Artikel 2 Taxatie eigen woning

  • 1. Belanghebbende stemt bij het indienen van het uitkeringsverzoek schriftelijk in met vestiging krediethypotheek alvorens de uitkeringsaanvraag verder in behandeling wordt genomen.

  • 2. Indien bijstand wordt verstrekt, waarbij sprake is van een eigen woning, vindt ter vaststelling van de waarde van de woning taxatie plaats door een taxateur voor (on)roerende zaken die door belanghebbende uitgekozen kan worden in overeenstemming met het college. Indien belanghebbende niet per omgaande een keuze maakt wordt daarin namens het college voorzien.

  • 3. De waarde van de woning wordt bepaald volgens de waarde in het economische verkeer bij vrije oplevering.

  • 4. De waarde van de woning in verhuurde staat, waarbij vrije oplevering niet mogelijk is, wordt vastgesteld op 60% van de waarde in het economisch verkeer bij vrije oplevering.

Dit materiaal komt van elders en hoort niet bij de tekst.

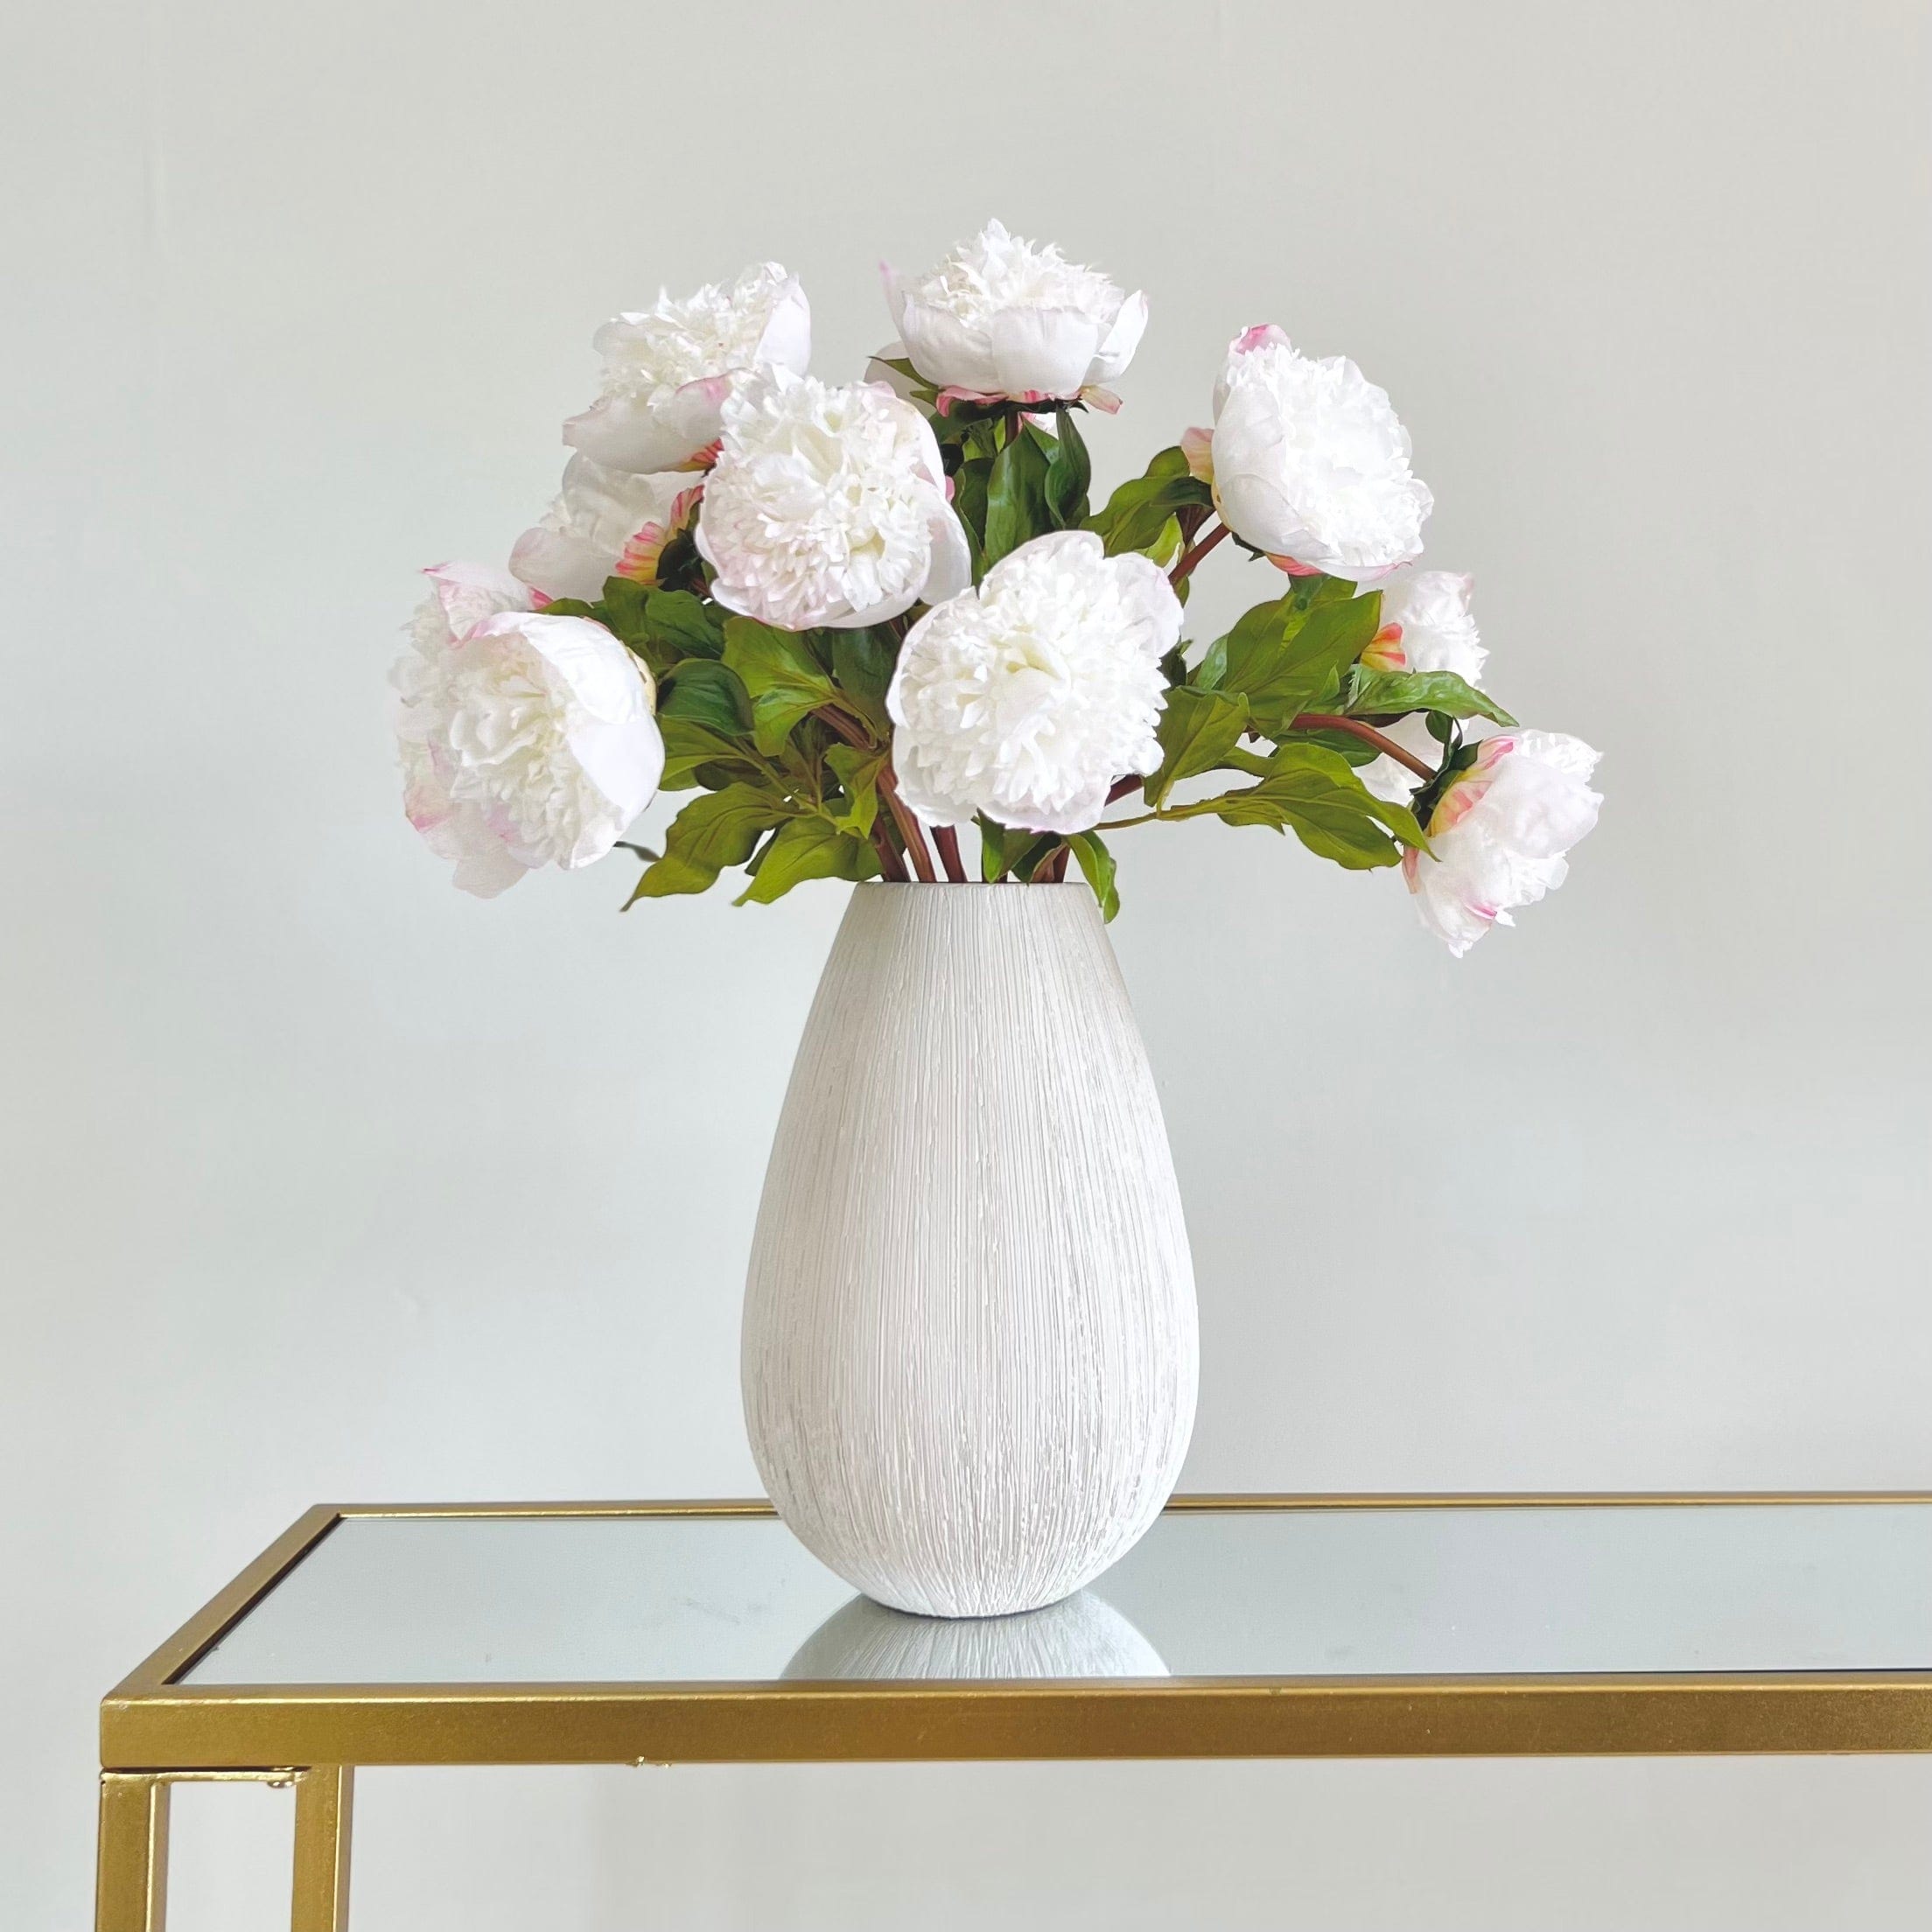 Artificial flowers luxury faux silk small white peony bibury vase lifelike realistic faux flowers ABP1513 ABY4236WH

Artikel 3 Kosten taxatie en vestiging hypotheek c.q. pandrecht

De kosten verbonden aan taxatie, de hypotheekakte en de inschrijving van de hypotheek dan wel het opmaken van de akte van pandrecht, inschrijving van het pandrecht in de registers van de Inspectie der Registratie en Successie van de Belastingdienst, alsmede de bijkomende kosten, komen ten laste van belanghebbende. De bijstand voor deze kosten wordt aangemerkt als algemene bijstand, tenzij aan de belanghebbende daarvoor uitsluitend bijzondere bijstand wordt verleend.

Artikel 4 Medewerkingsplicht

  • 1. Bij verlening van een uitkering onder verband van hypotheek of pandrecht wordt aan belanghebbende telkens de verplichting opgelegd dat hij meewerkt aan de vestiging van de hypotheek of het stil pandrecht.

  • 2. Het niet verlenen van de medewerking als bedoeld in het eerste lid heeft tot gevolg dat de in de vorm van een geldlening verleende uitkering wordt teruggevorderd en/of verlaging plaatsvindt op grond van artikel 18 Participatiewet dan wel de Afstemmingsverordening Participatiewet, IOAW en IOAZ gemeente Menterwolde 2014.

Artikel 5 Vorm van de geldlening

  • 1. Als voor belanghebbende, bedoeld in artikel 50 lid 1 Participatiewet recht op een uitkering bestaat, heeft die uitkering de vorm van een geldlening onder verband van hypotheek of stil pandrecht:

    • a.

      als de uitkering over een periode van een jaar, te rekenen vanaf de eerste dag waarover de uitkering wordt verleend, naar verwachting meer bedraagt dan het netto minimumloon, bedoeld in artikel 37 lid 1 Participatiewet.

    • b.

      voor zover het vermogen verbonden in de woning met bijbehorend erf hoger is dan het vermogen, bedoeld in artikel 34 lid 2 sub d van de Participatiewet

  • 2. Als de uitkering wordt verleend in de vorm van een geldlening onder verband van hypotheek of stil pandrecht als bedoeld in het eerste lid, wordt daartoe meegerekend de eventuele uitkering in de kosten genoemd in artikel 3 van deze regeling.

  • 3. Als de verwachting bestaat dat de woning binnen korte tijd verkocht kan worden, dan kan onder toepassing van artikel 48 lid 2 sub a Participatiewet de bijstand in de vorm van een geldlening worden verstrekt.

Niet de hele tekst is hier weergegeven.